When you copy the data, keep every word exactly as it is and leave the pictures out.

SOURCE DATA START

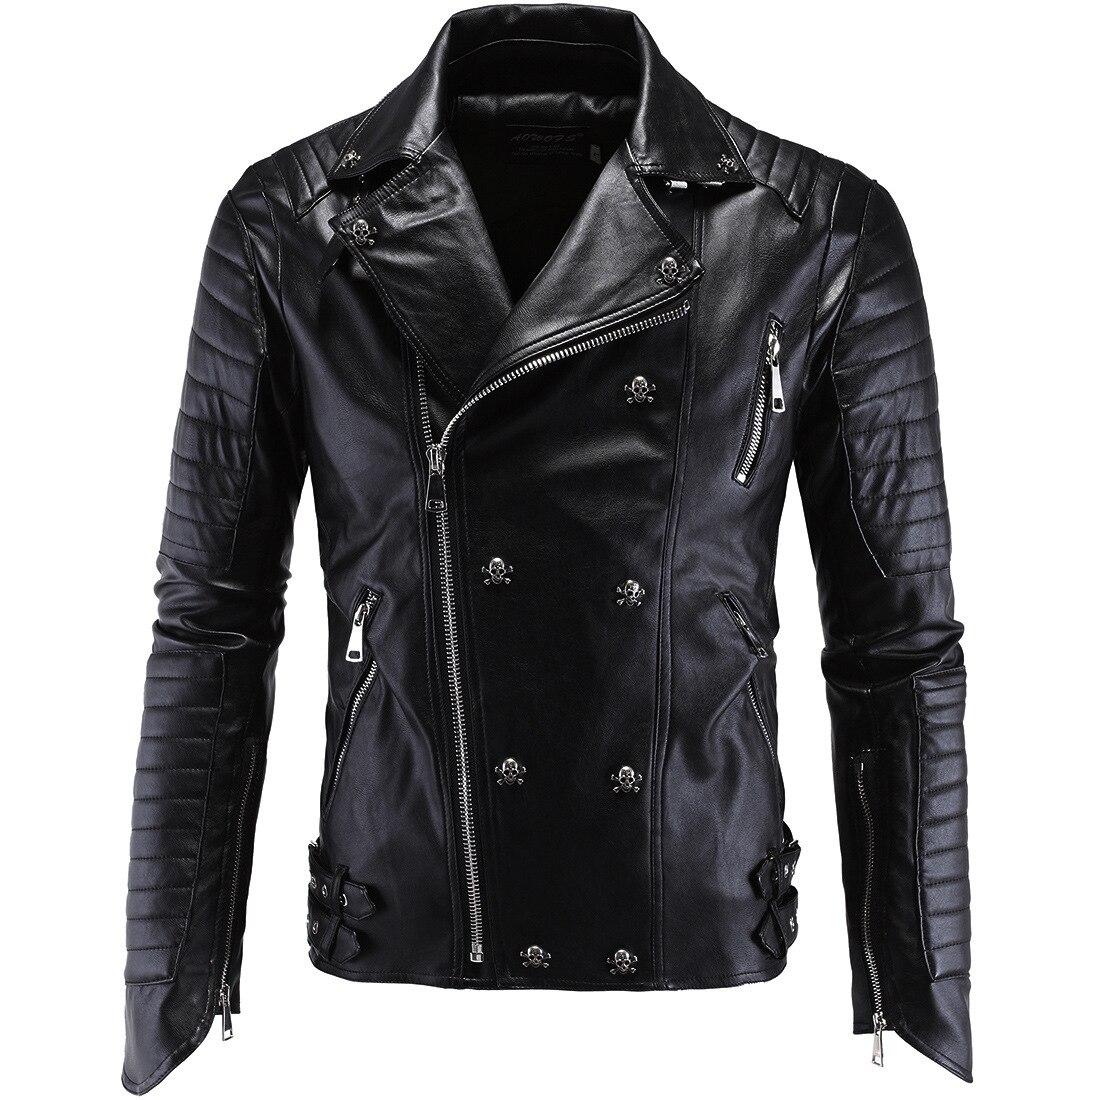 Uomini giacca di Pelle degli uomini Sottili di moda in pelle moto Sottile Harley giacca di pelle per gli uomini-in Giacche in pelle sintetica da Abbigliamento da uomo su  Gruppo 1
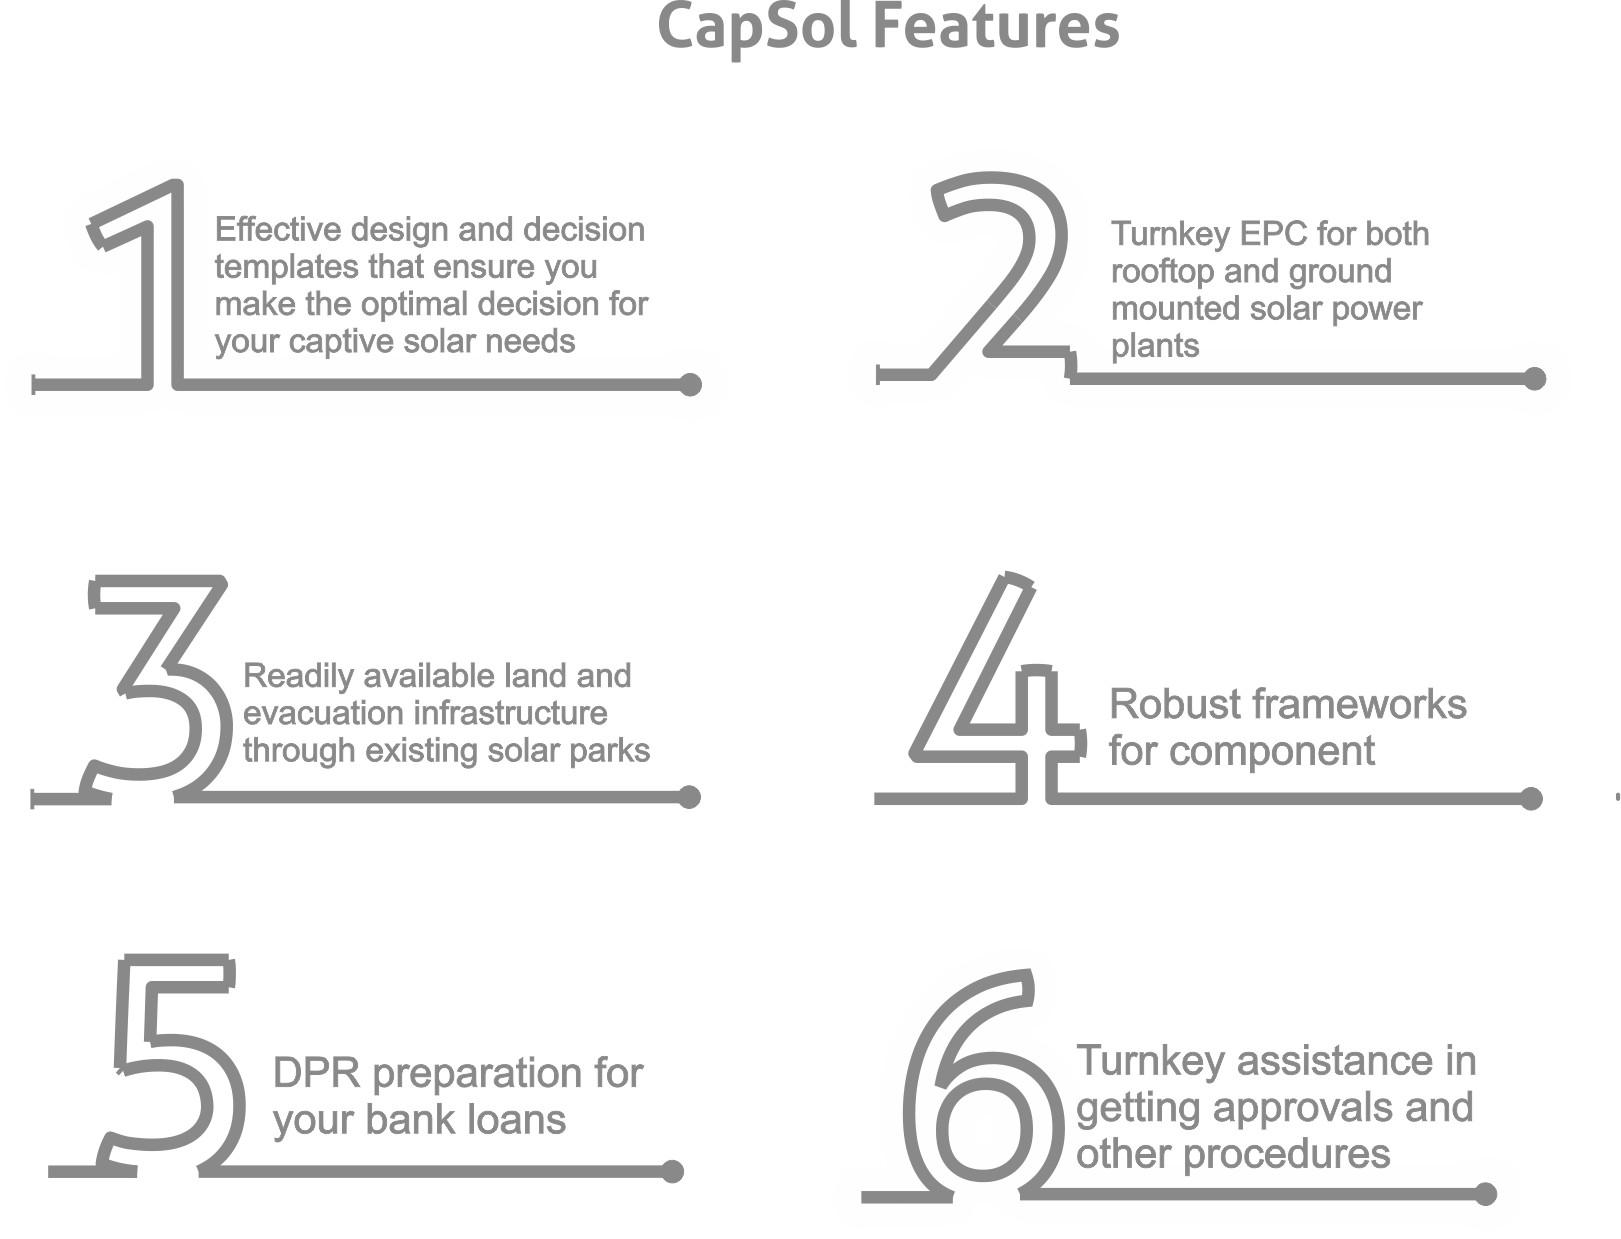 CapSol Features
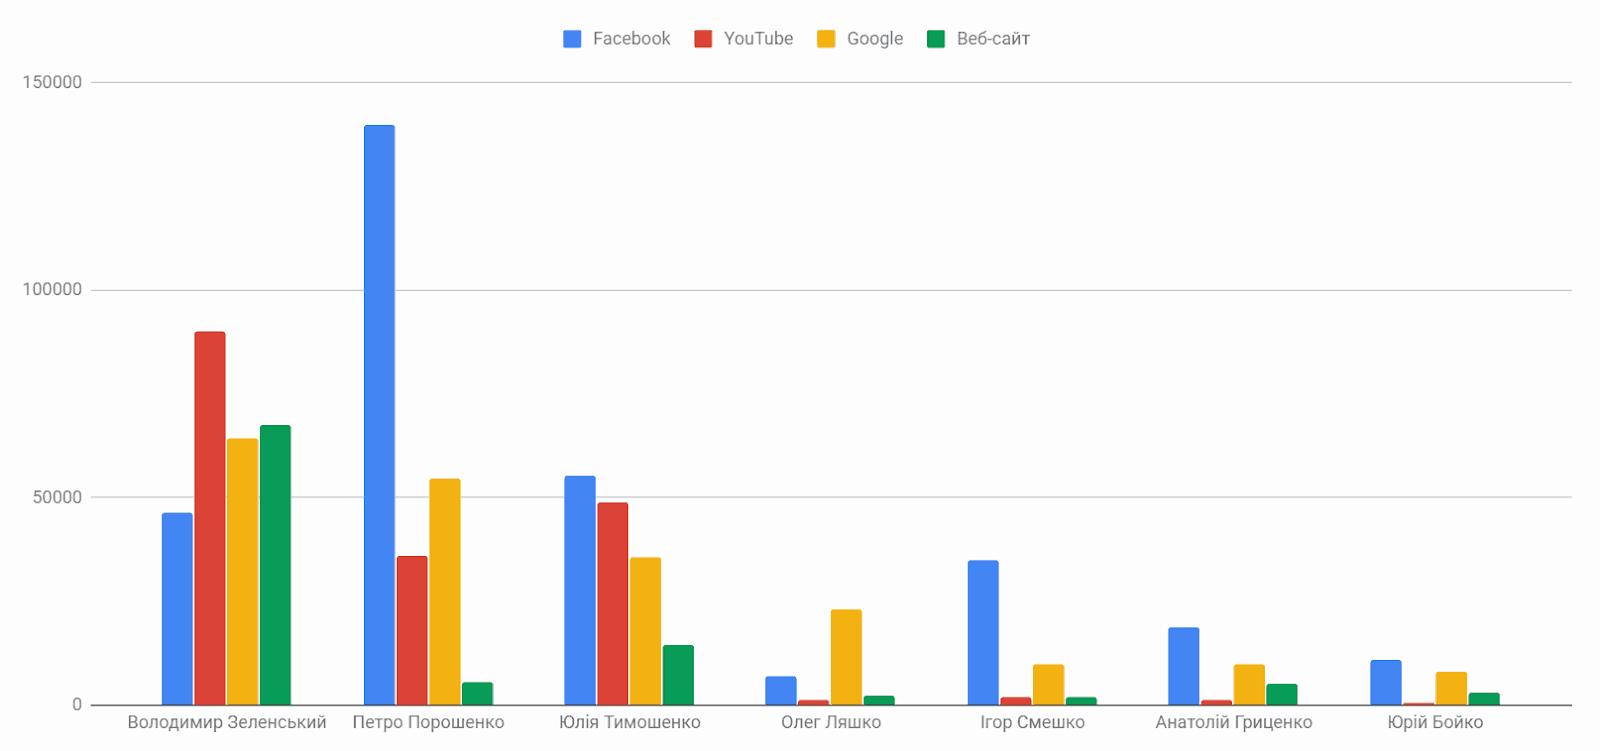 гістограма кандидати топ-7

SOURCE DATA END

- [RESPONSE TO THIS EXERCISE]:
 Uomini giacca di Pelle degli uomini Sottili di moda in pelle moto Sottile Harley giacca di pelle per gli uomini-in Giacche in pelle sintetica da Abbigliamento da uomo su  Gruppo 1
 CapSol Features
 гістограма кандидати топ-7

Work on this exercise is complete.